Albuminuria and reduced glomerular filtration rate are manifestations of chronic kidney disease (CKD) that predict end-stage renal disease, acute kidney injury, cardiovascular disease and death. We hypothesized that SNPs identified in association with the estimated glomerular filtration rate (eGFR) would also be associated with albuminuria.
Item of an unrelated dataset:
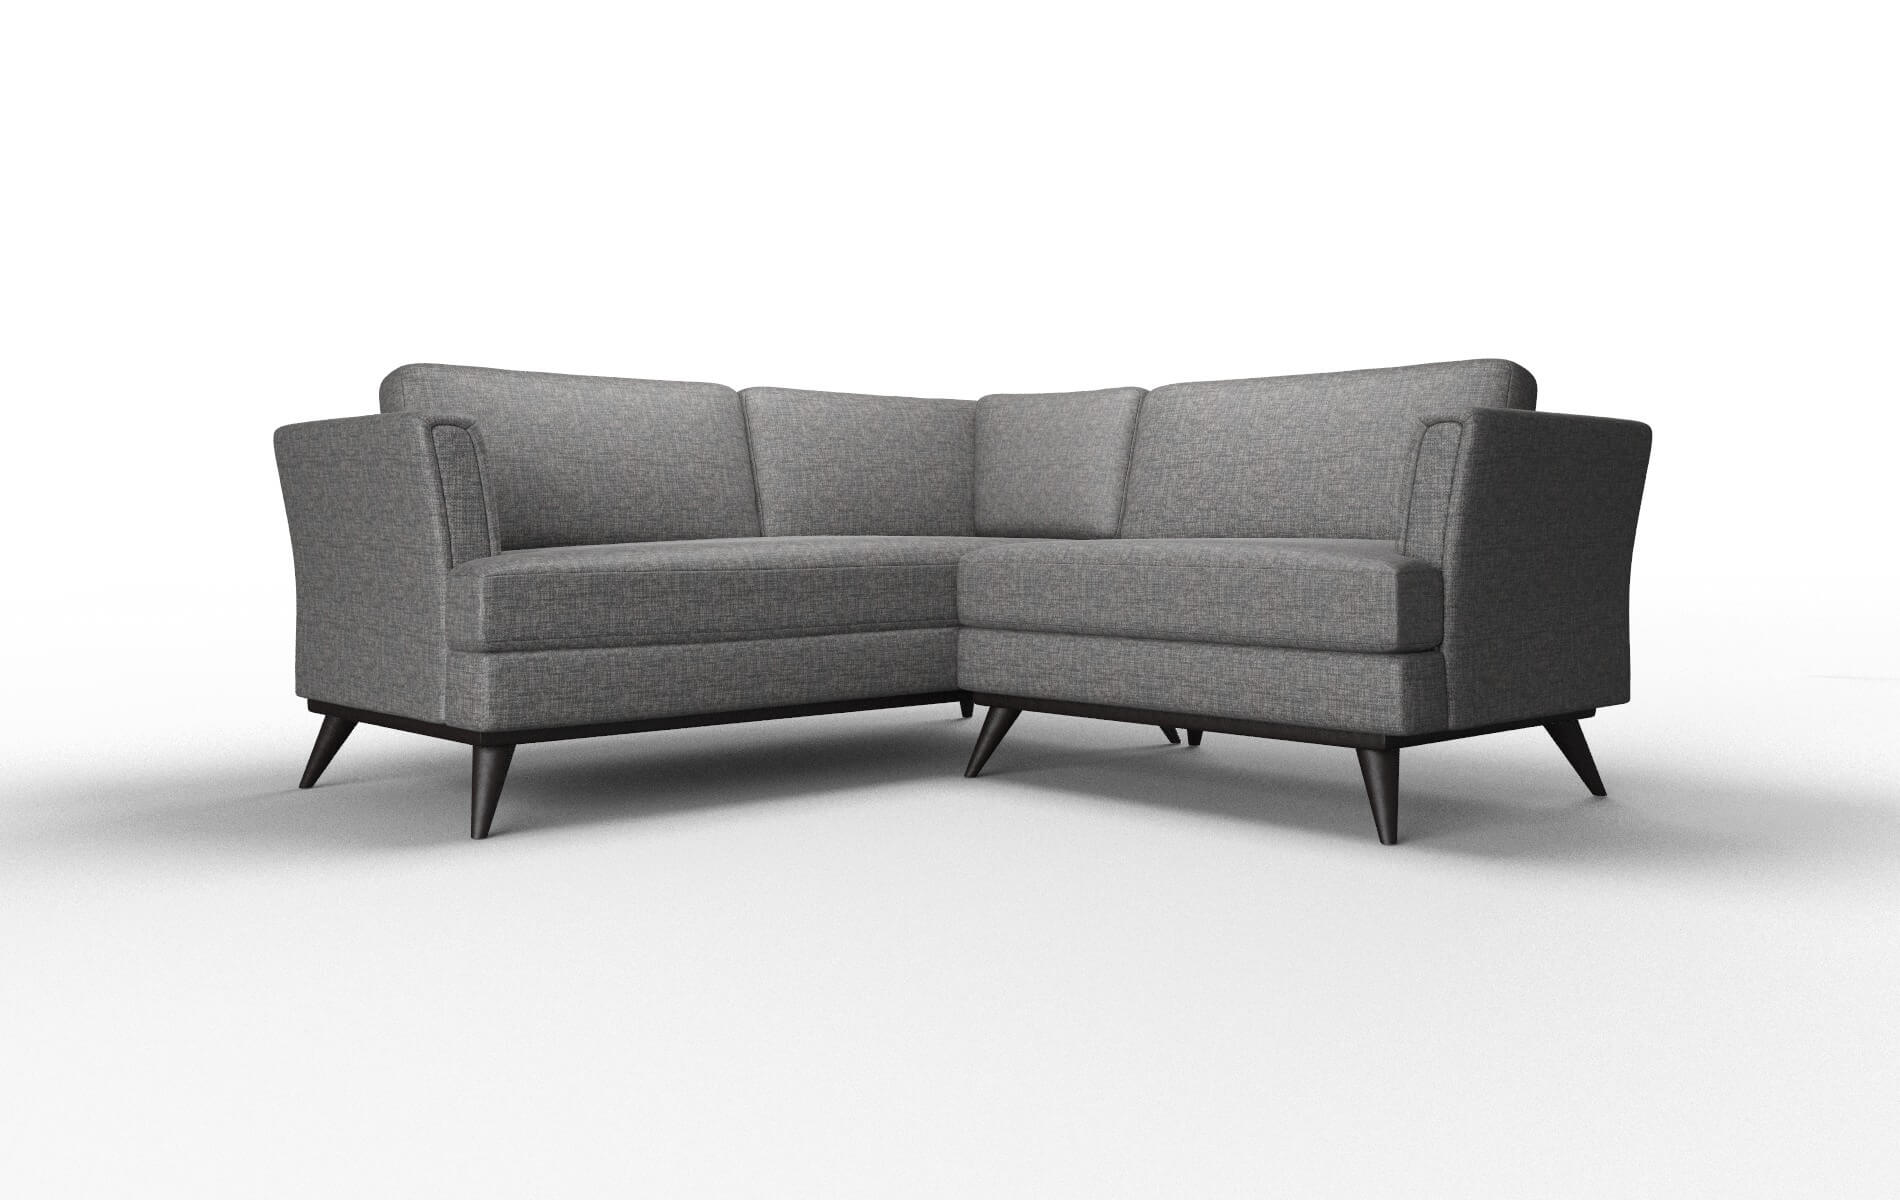 Antalya Curious Eclipse Sectional espresso legs

Within the CKDGen Consortium cohort (n= 31 580, European ancestry), we tested 16 eGFR-associated SNPs for association with the urinary albumin-to-creatinine ratio (UACR) and albuminuria [UACR >25 mg/g (women); 17 mg/g (men)]. In parallel, within the CARe Renal Consortium (n= 5569, African ancestry), we tested seven eGFR-associated SNPs for association with the UACR. We used a Bonferroni-corrected P-value of 0.003 (0.05/16) in CKDGen and 0.007 (0.05/7) in CARe. We also assessed whether the 16 eGFR SNPs were associated with the UACR in aggregate using a beta-weighted genotype score. In the CKDGen Consortium, the minor A allele of rs17319721 in the SHROOM3 gene, known to be associated with a lower eGFR, was associated with lower ln(UACR) levels (beta = -0.034, P-value = 0.0002). No additional eGFR-associated SNPs met the Bonferroni-corrected P-value threshold of 0.003 for either UACR or albuminuria. In the CARe Renal Consortium, there were no associations between SNPs and UACR with a P< 0.007. Although we found the genotype score to be associated with albuminuria (P= 0.0006), this result was driven almost entirely by the known SHROOM3 variant, rs17319721. Removal of rs17319721 resulted in a P-value 0.03, indicating a weak residual aggregate signal. No alleles, previously demonstrated to be associated with a lower eGFR, were associated with the UACR or albuminuria, suggesting that there may be distinct genetic components for these traits.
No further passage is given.